Türkiye'de her şey değişir ama
CHP değişmez.
Avrupa Parlamentosu Türkiye Raportörü
Ria Oomen Ruijten TSK komuta kademesindeki son toplu
emeklilik eylemi ertesindeki gelişmeleri değerlendiren açıklamasında şöyle demişti:
"- Türkiye, demokratik kurumların askeri kararlar üzerinde denetim sahibi olduğu daha demokratik bir
ülke haline geliyor.''
Bu açıklama CHP yönetimini sinirlendirmiş.
CHP Genel Başkan Yardımcısı
Osman Korutürk de önceki gün bir yazılı açıklama yaptı ve özetle şunları söyledi:
"- Görevi Türkiye'deki durumu saptayıp,
Avrupa Parlamentosu'na
rapor etmek olan bir Avrupa parlamenterinin bütün bu gerçekler hakkında hiçbir tespit ve beyanda bulunmayıp iktidarın Silahlı
Kuvvetler mensuplarına yönelik hukuk dışı tutumunu kınamak yerine, bu tutum nedeniyle görevlerinden
istifa eden komutanların bu demokratik
protestolarını 'demokratik kurumların askeri kararlar üzerinde denetim sahibi olması' şeklinde yorumlayacak kadar aymaz olmasından ciddi kaygı ve üzüntü duyuyoruz."
Demokratik protestoymuş
"Bütün bu gerçekler"den biri de 12
Eylül Anayasa referandumu ertesinde yargının yürütmeye bağımlı hale gelmesiymiş.
Düşünebiliyor musunuz?
Generallerin
muhtıra vermek yerine toplu emeklilik eylemleri ile sonuçlanan olayı Avrupalı parlamenter Türkiye'nin demokratikleşmesi şeklinde yorumluyor.
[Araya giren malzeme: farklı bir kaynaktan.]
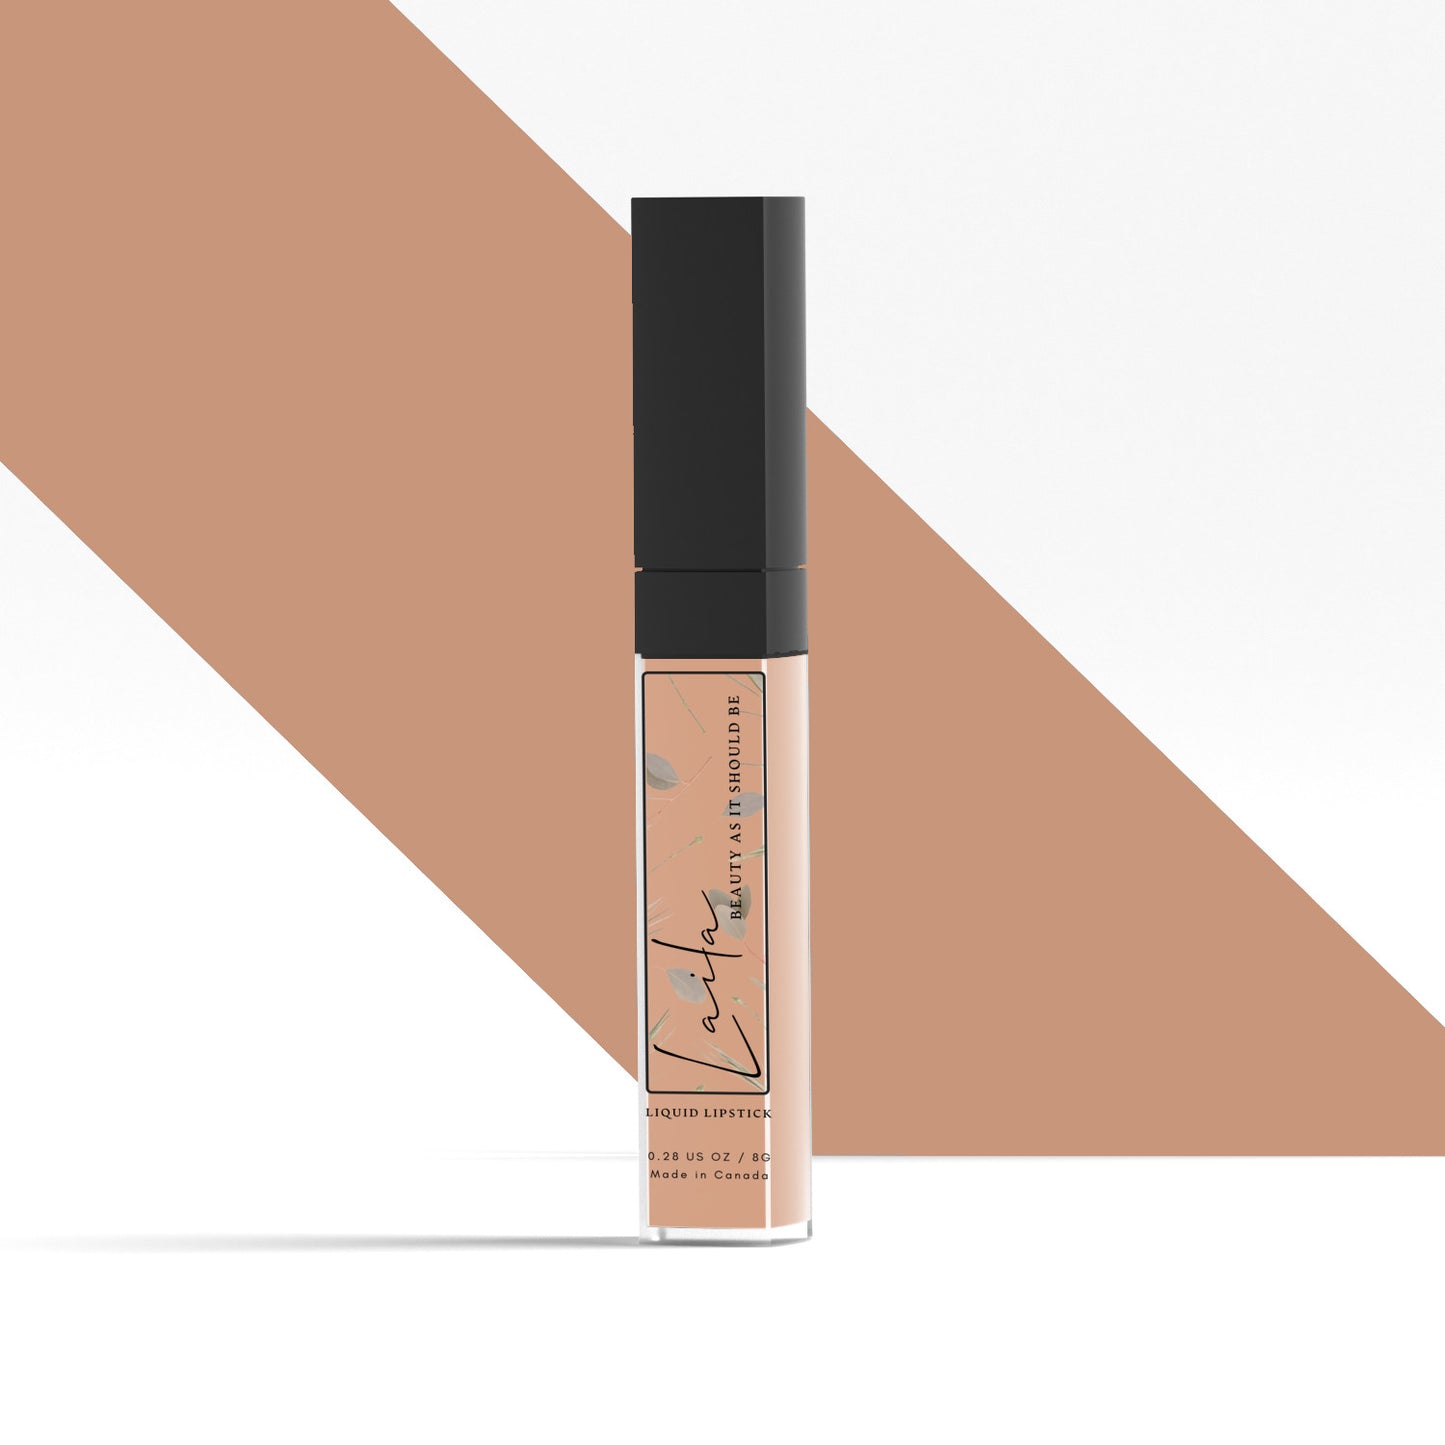 All Natural - Matte Liquid Lipstick Liquid Lipstick - Laila Beauty Care Liquid Lipstick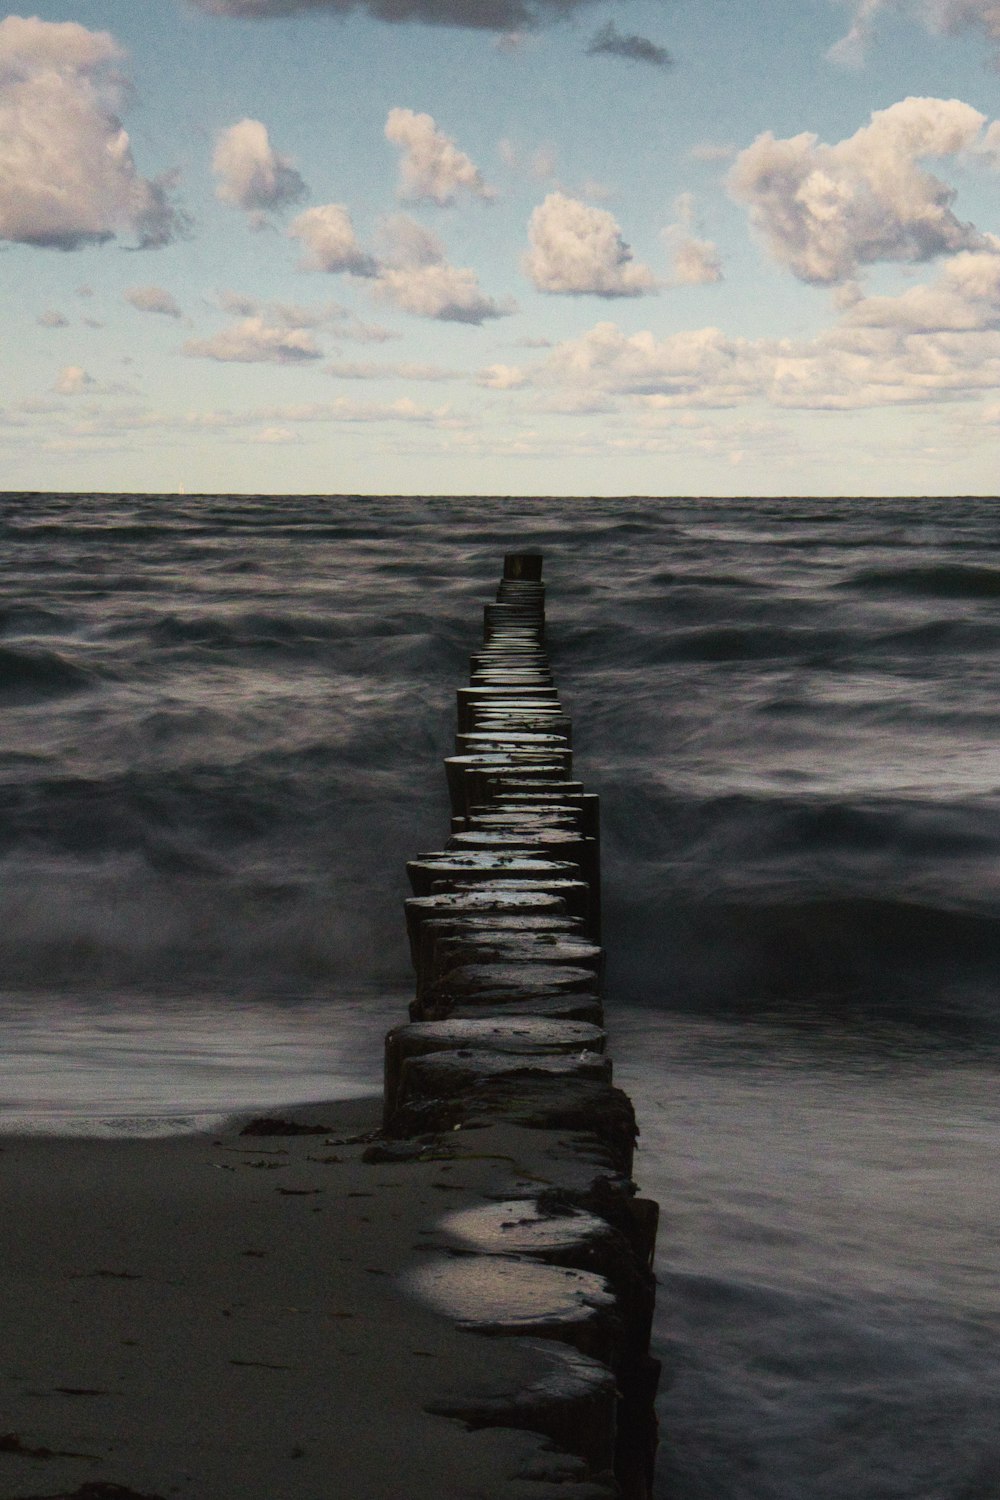 a long pier extending into the ocean under a cloudy sky

Türk ana muhalefetinin yöneticisi ise bu yoruma öfkeleniyor.
Generallerin davranışını "Demokratik protesto" olarak niteliyor.
Gerçi buna da
şükür.
28
Şubat post-
modern darbesinde CHP'nin o zamanki Genel Başkanı
Baykal "Silahlı Kuvvetler de bir
sivil toplum örgütüdür" doğrultusunda sözler söylememiş miydi?
Yeni CHP'nin sözcüsü de ayıp olmasa "Generallerin değil hükümetin istifa etmesi gerekirdi" diyebilirdi herhalde.
Asker askeri
tasfiye edebilir
Aslında bu mantığa göre "Demokratik kurumların askeri kararlar üzerinde denetim sahibi olduğu" bir
model bize uygun değildir.
Aslında askeri kararlar da, siyasi sorunlar da sivillere bırakılamayacak kadar ciddi işlerdir.
Askeri asker
terfi ettirir, ancak askerler meslektaşlarını emekli edebilir.
Hatırlayın 1960'ı...
27
Mayıs darbesinden üç ay sonra 3
Ağustos 1960 günü, "Milli Birlik Komitesi" adı verilen cunta 235 generali ve 5000'e yakın subayı emekliye sevk etmemiş miydi?
EMİNSU'ları unuttunuz mu?
Ertelenen
12 Eylül muhtırası
Osman Korutürk'ün rahmetli babası Cumhurbaşkanı Fahri Korutürk'e 29
Aralık 1979'da
Genelkurmay Başkanı
Evren ve Kuvvet Komutanları tarafından demokratik protesto içerikli "Uyarı Mektubu" verilince, o da "Aman bu uyarıyı benim görevim bittikten sonra uygulayın" diyerek, 12 Eylül darbesini demokratik biçimde 1980'e ertelememiş miydi?
Türkiye'de asker-
siyaset çarpık ilişkilerini bir Avrupalı parlamenterin, askerin siyasete müdahalesini üstelik
aile boyu yaşamış CHP Genel Başkan Yardımcısından daha doğru değerlendirmesine şaşırmamalıyız...
Eskisi ve yenisi ile "Derin CHP" için
demokrasi teferruattır.
Bu yüzden de her seçimden yenik çıkarlar.